I am using 3.11 throughout, even outside the Streamlit component (which is optional). But I think if you make the modifications you mentioned then it may work with 3.9. I have not tested that though.

Yes, it worked! It’s a very nice application that I’m enjoying using. I spent a whole evening with it researching dynamic time warping. Once I get my head around its design it’ll help me add conversational elements to apps that I’m working on. I particularly like your short commands to switch modes and the care you took to manage mal events (formatting, exceptions, etc.), which are so common in LLM (networked) apps. Many thanks for sharing.

1 Like

@asehmi I wasn’t familiar with dynamic time warping, it sounded like very science-fictiony, but I had ChatGPT cure me of my ignorance. I’m glad you’re finding the research feature useful!

A new relatively simple but useful feature is out - you can now:

  • get a summary of a website/PDF (run “/summarize https://example.com”)
  • ask follow-up questions
  • add another website/PDF to the knowledge base, and another… (run /summarize again, or “/ingest https://example2.com” if you don’t want a summary)
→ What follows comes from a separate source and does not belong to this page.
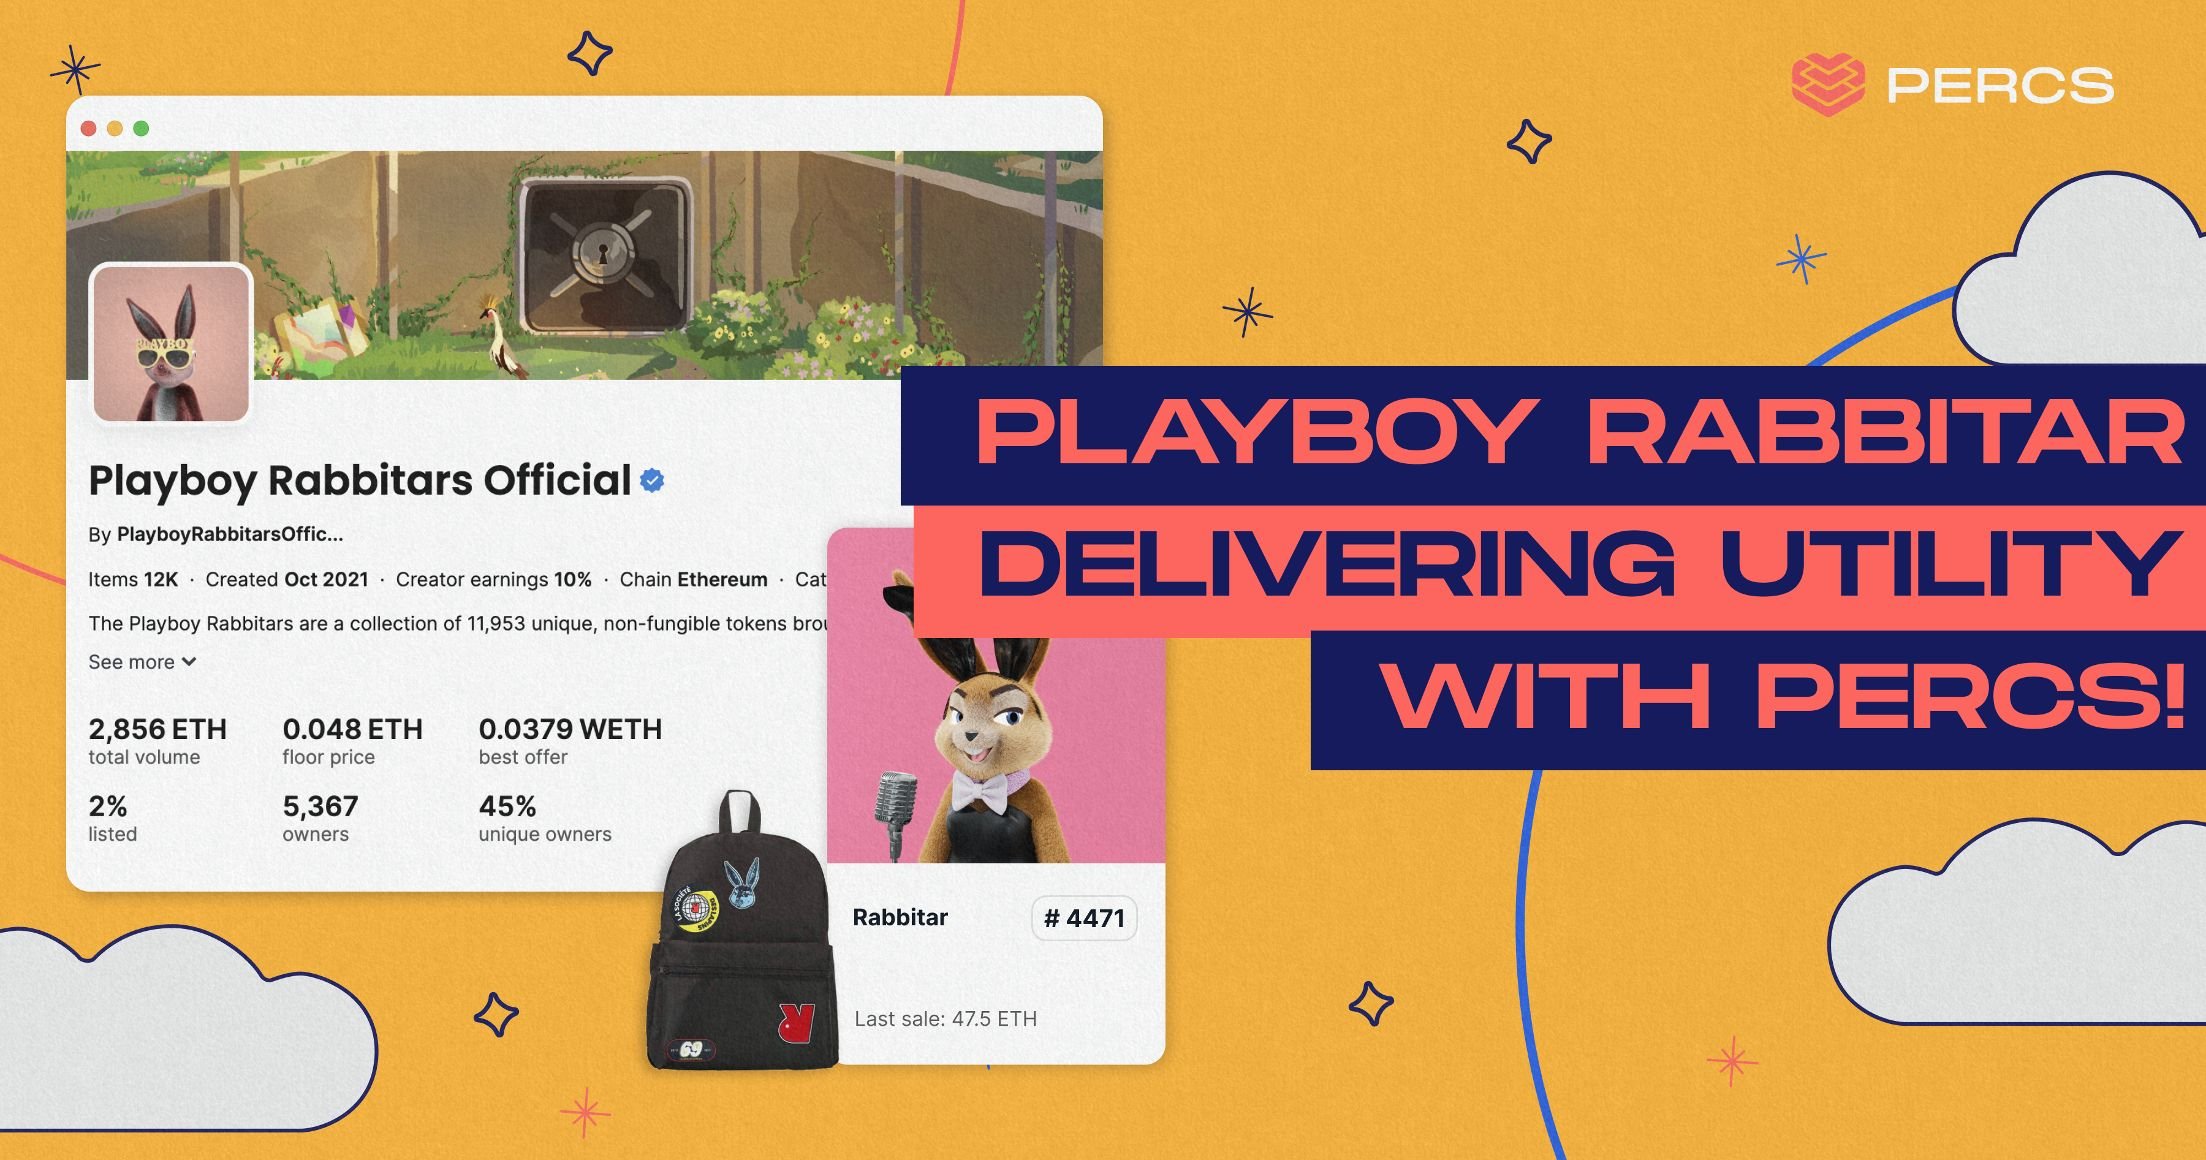 9. playboy rabbitar deliverig utility with percs pqo9s

When you are done, just rename the resulting collection to whatever you want or delete it:

  • /db rename my-cool-collection” OR
  • /db delete --current

Announcing a new awesome update: you can now ask DocDocGo to redo research reports, if the initial format or content wasn’t what you had in mind, while still keeping all of the content it has ingested into a KB.

This is really useful, because one annoyance with the “infinite” research has been that DDG finds and ingests lots of useful information, but writes a report that’s too long/short, or has a different format from what you had in mind, or emphasizes the wrong information.
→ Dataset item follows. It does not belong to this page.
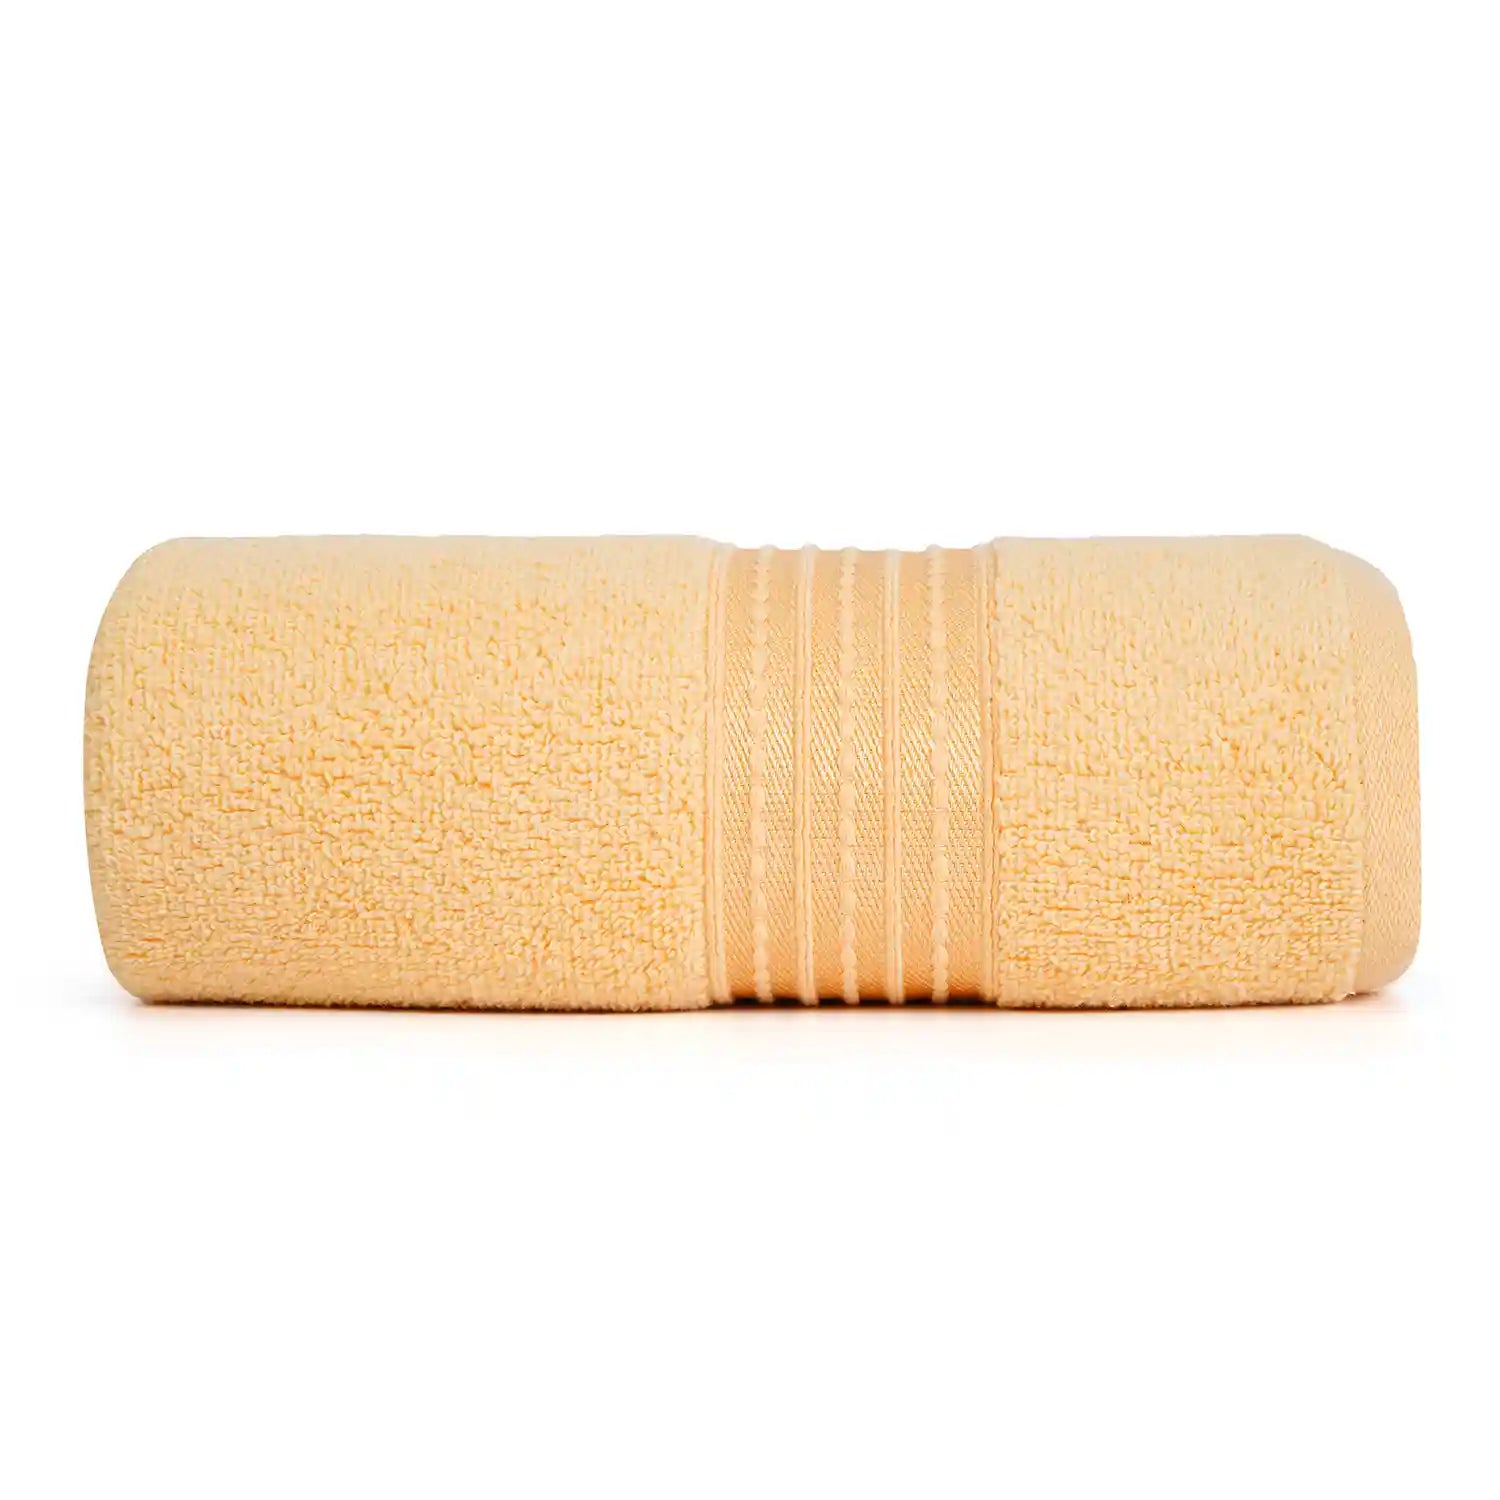 Bath towel, natural cotton bath towel, bamboo bath towel, allo vera bath towel

Previously the only recourse was to start a new research from scratch, but now you can just quickly rewrite the report(s) using the already ingested content, which is ~10x faster:

  1. Run /research claims Putin made in interview with Tucker Carlson - your original research query (just an example)
  2. Run /research view stats - to review your query and auto-generated report type
  3. Run /research set-report-type Numbered list, with brief description of claim, fact-check, and URL of source - set your custom report format
  4. Run /research startover - to quickly rewrite the report using already fetched content
  5. (Optional) Run /re deeper N - “infinite” research feature to expand the number of sources 2^N-fold

Another new feature is the ability to ingest into an existing collection - useful if you want to supplement a KB with your local docs or specific websites.

Remember, if you don’t know how to do something or forgot a command, just tell the bot what you want to do, prefixed with /help, e.g.:

/help how can I ingest more content into a collection?